DataLoader gives:stack expects each tensor to be equal size,due to different image has different objects number

Hello,I am preparing dataset for a detection task:

def __getitem__(self, idx):
    ......
   return from_numpy(image), from_numpy(bboxes)

As you can see,the second element of the return is bboxes,and different image will have different number of objects in it,so the shape of the bboxes will vary from each other,and this will cause Dataloder throws out an exception like:

RuntimeError: stack expects each tensor to be equal size, but got [1, 1, 5] at entry 0 and [1, 5, 5] at entry 1

when it tries to stack bboxes(label) in a batch,question is

what is general paradigm to handle this issue?

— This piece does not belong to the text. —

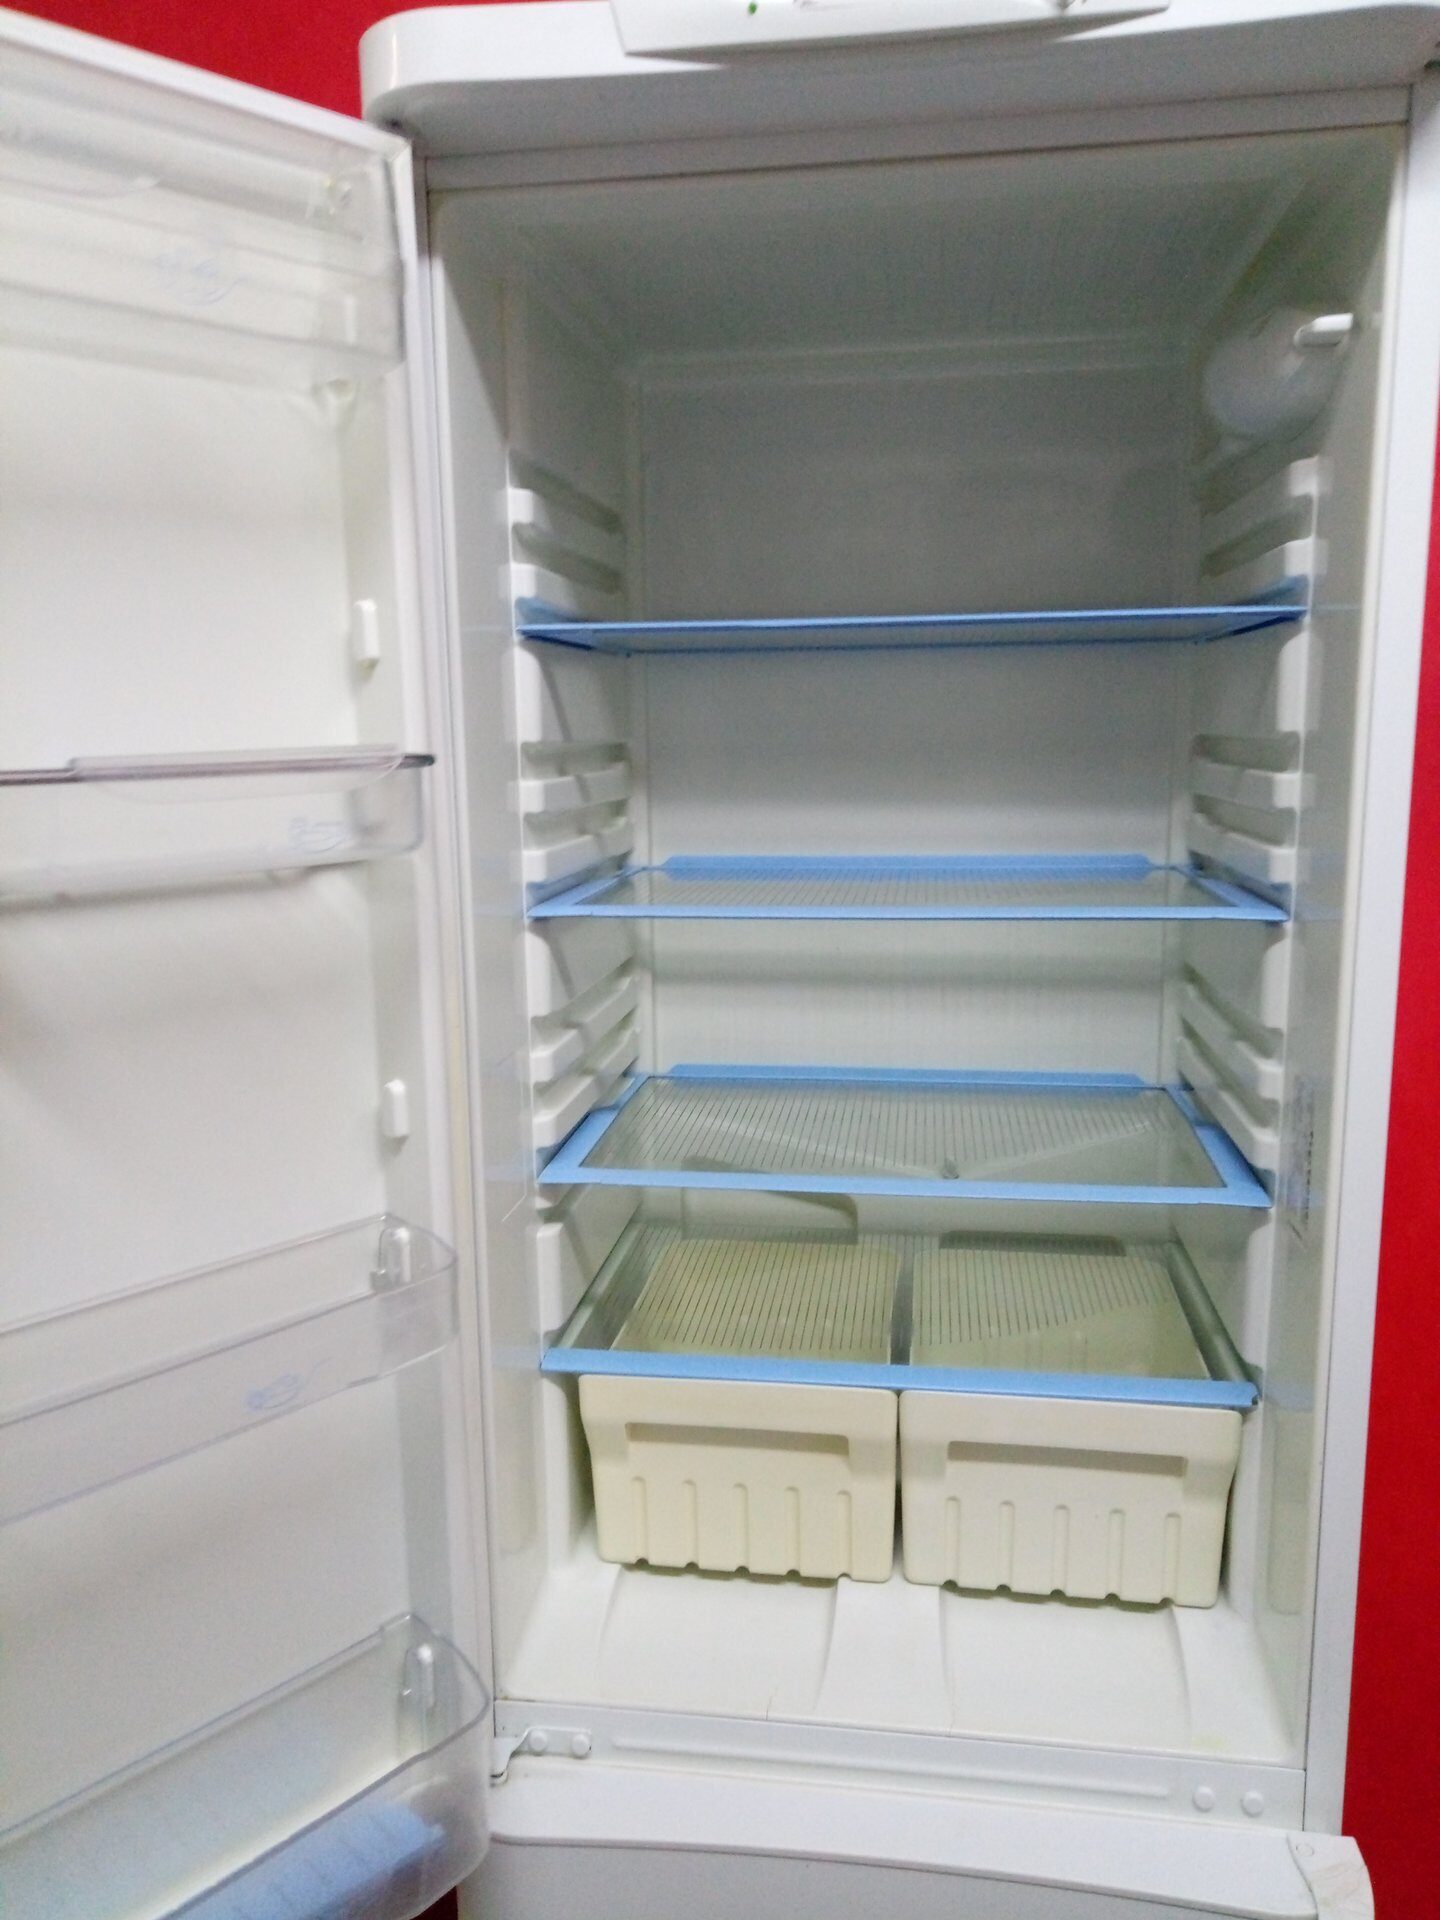 Холодильник купить цена индезит. Индезит c 138g s холодильник. Индезит с138g.016. Холодильник Индезит двухкамерный с138g 016.
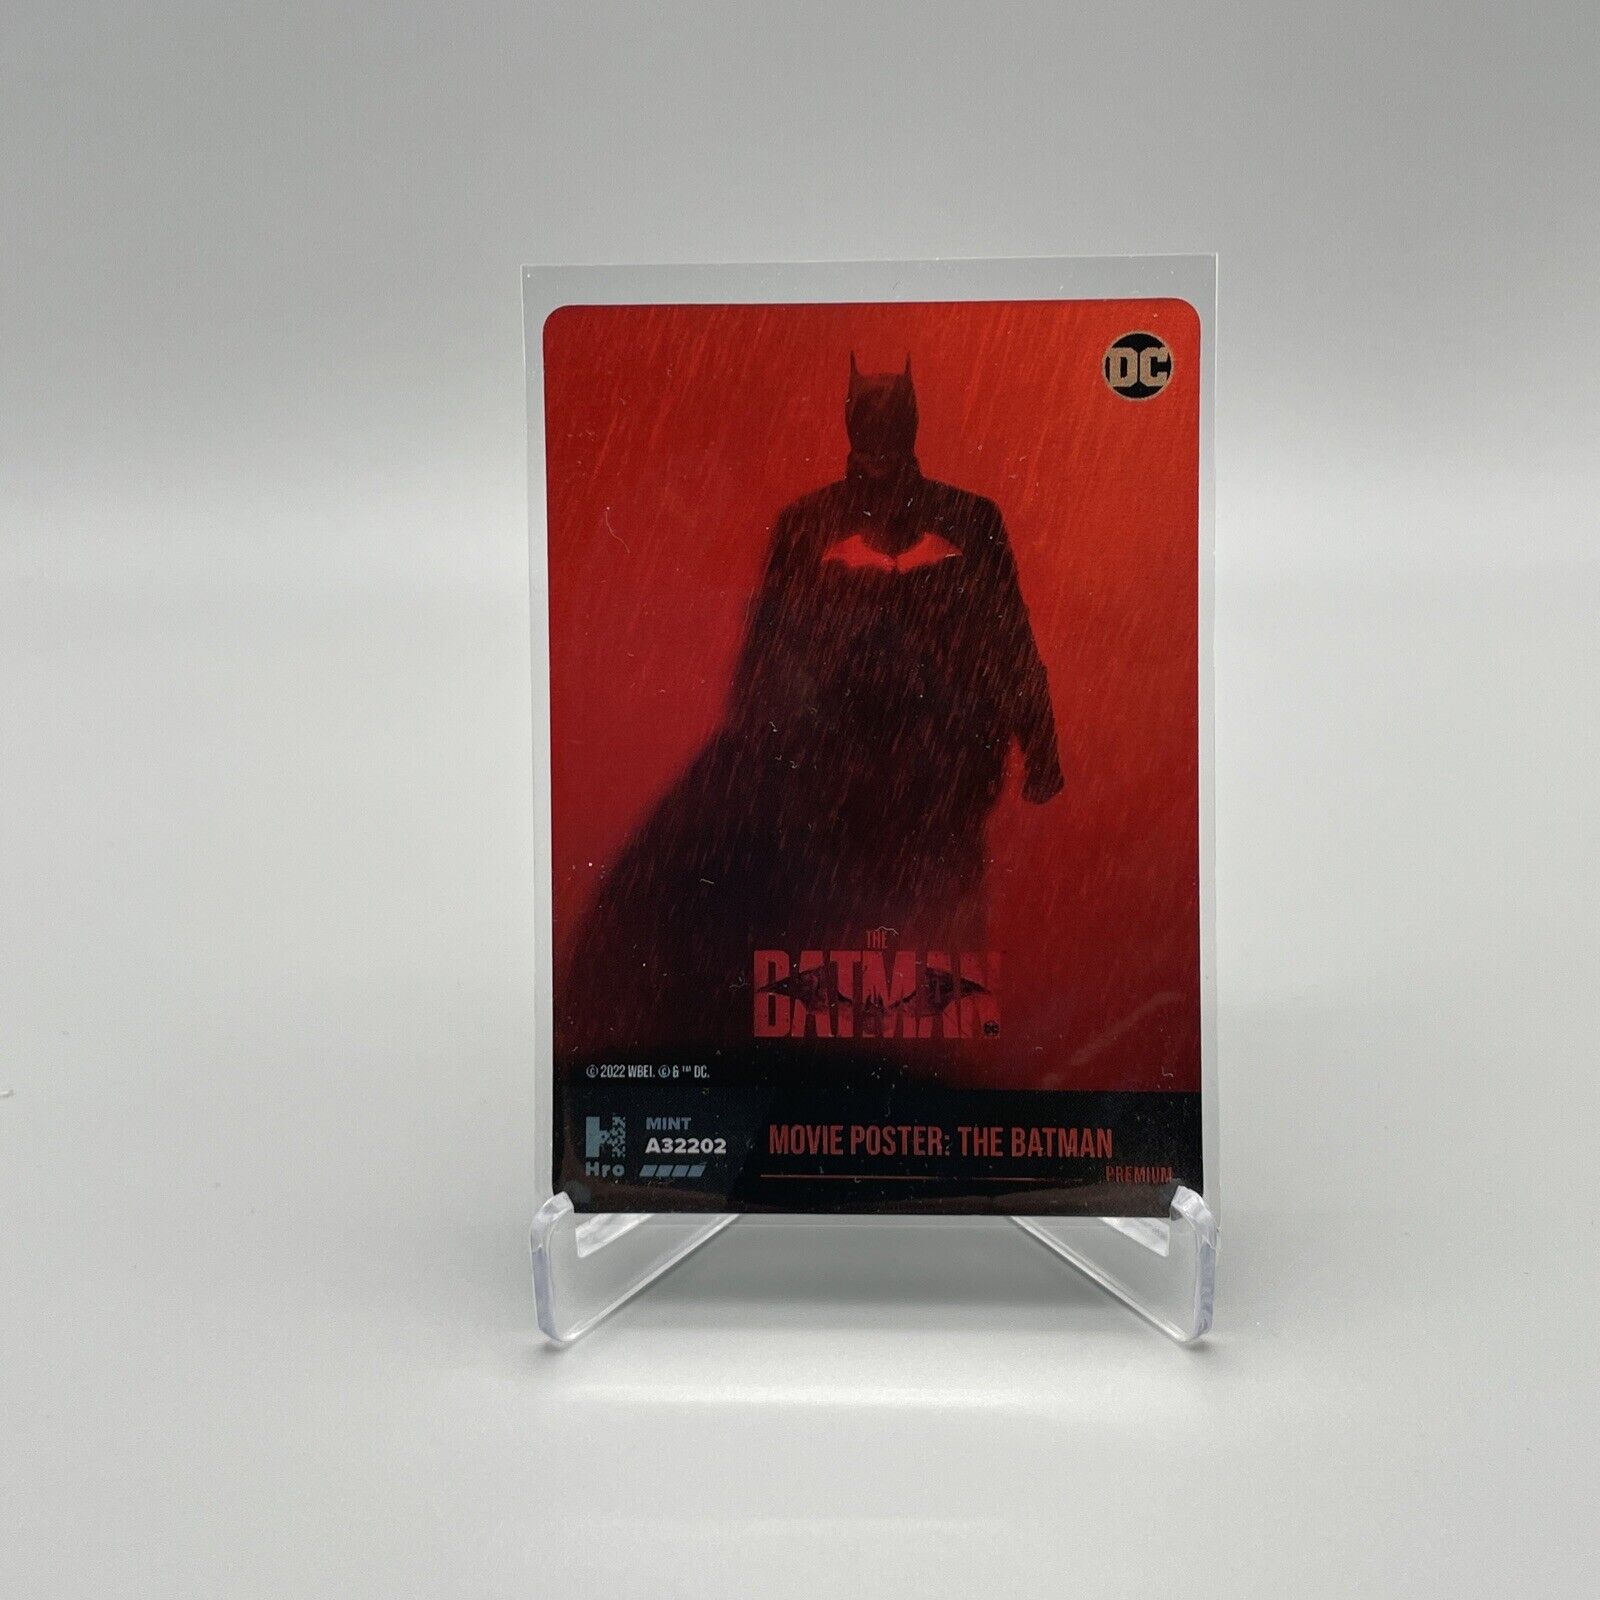 HRO DC Hybrid The Batman Movie Poster Physical Unscanned QR Mint A32202

This discussion may be helpful.


Usually, in such situations some sort of padding has to be introduced for each batch so all elements match in size. This can be achieved by defining your own collate_fn that is then passed to DataLoader as an argument.

Thanks,I may haven’t express may question clearly,the size(width/height) of every transformed image is same,and the problem caused from that the numbers of object in each image in the same batch are different,not the height or width of images

The simplest solution to that is to define the collate_fn like this:

def collate_fn(batch):
    return tuple(zip(*batch))

And this is the for loop:

for image_batch, bbox_batch in dataloader: 
    ...

Then, inside the loop you can stack the images before passing them to the model, etc.

If you need some additional functionality, you can even define your own object for handling batches (in the docs there is an example how to do this).